Really? It looks more like NBC Universal wants to get as much distance from Brian Williams and what looks like a track record of serial fabrication and exaggeration, some of which made it onto the NBC Nightly News with which they entrusted their 10-year veteran anchor and managing editor. Fox’s Howard Kurtz believes that the six-month suspension Williams got last night without pay will be a harsh enough punishment for Williams to provoke a sympathetic response on his eventual return — a set-up for an eventual redemption story that will melt America’s heart.
Well, that’s one theory:
If that’s really the strategy at NBC Universal, it sounds akin to the infamous quote from an unnamed Army officer in the Mekong Delta: We have to destroy the career in order to save it. A one-month suspension without pay would be penance, too, with all of the requisite public humiliation it would entail. That leaves an impression that any arrangements made for business continuity would be temporary. It would provide plenty of time for NBC’s investigators (or cover team, depending on your level of cynicism) to review all of the Williams material now emerging that has the whiff of fabulism or exaggeration to be fully fact-checked. Unless there’s just an overwhelming amount of it, that is, which would necessarily force a transition from temporary to permanent.

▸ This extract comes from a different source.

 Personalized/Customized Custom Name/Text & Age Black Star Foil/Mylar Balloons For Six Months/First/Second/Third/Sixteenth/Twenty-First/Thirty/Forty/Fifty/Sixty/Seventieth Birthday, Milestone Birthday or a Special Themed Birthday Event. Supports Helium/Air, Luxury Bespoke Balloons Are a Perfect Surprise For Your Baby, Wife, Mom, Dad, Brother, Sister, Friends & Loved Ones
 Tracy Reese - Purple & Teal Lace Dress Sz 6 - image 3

A six-month suspension is another matter. New routines will be established, older networking within and outside the organization will get replaced, and most importantly, viewers will get used to Lester Holt in the anchor seat. In fact, NBC has to hope that the audience will bond with Holt in order to keep their ratings up. Six months down the line, they would then have to break that bond and try to get the same audience (or more likely a smaller one) to bond again with Williams after a six-month hiatus. That would be difficult even if the leave was needed for medical reasons, but for a suspension prompted by Williams’ own dishonesty? Good luck making that sale. This leaves Williams’ career all but dead at NBC, unless Holt spectacularly flames out and they run out of other options.
Another measure of NBC’s opacity in this decision comes from its other news division. Rachel Maddow announced the decision on her prime-time MSNBC show, and lamented the fact that NBC News execs wouldn’t appear on a show on their own network to discuss it (via Daniel Halper):
And here’s the awkward part for us. I said at the top this was a little awkward, here’s why this is awkward for us on this show and for me as its anchor: So we are MSNB. The NBC in that means that we operate under the NBC umbrella, and there’s a good reason why you see so many faces from NBC News on our air. It’s because we really are working partners with them, we are working partners, we’re a partner organization with them within the news division.
But tonight even as we are reporting on this breaking news about the news division of which we are a part, no, NBC News will not make anyone available to discuss this story with us on the air. Now that may change in days ahead. You would think that if they’re going to talk to anybody about this, we might reasonably get a leg up on getting interviews with any NBC News executives to explain this decision. If only because we’re right down the hall. But so far, no one. I hope in days to come that that might change, but as of yet, we are not talking to NBC News executives about this yet. I live in hope.
They seem to be hoping that the story will fade away in the next few weeks. That doesn’t sound like an organization that’s enthusiastic about putting Williams back on top of its nightly newscasts in the future.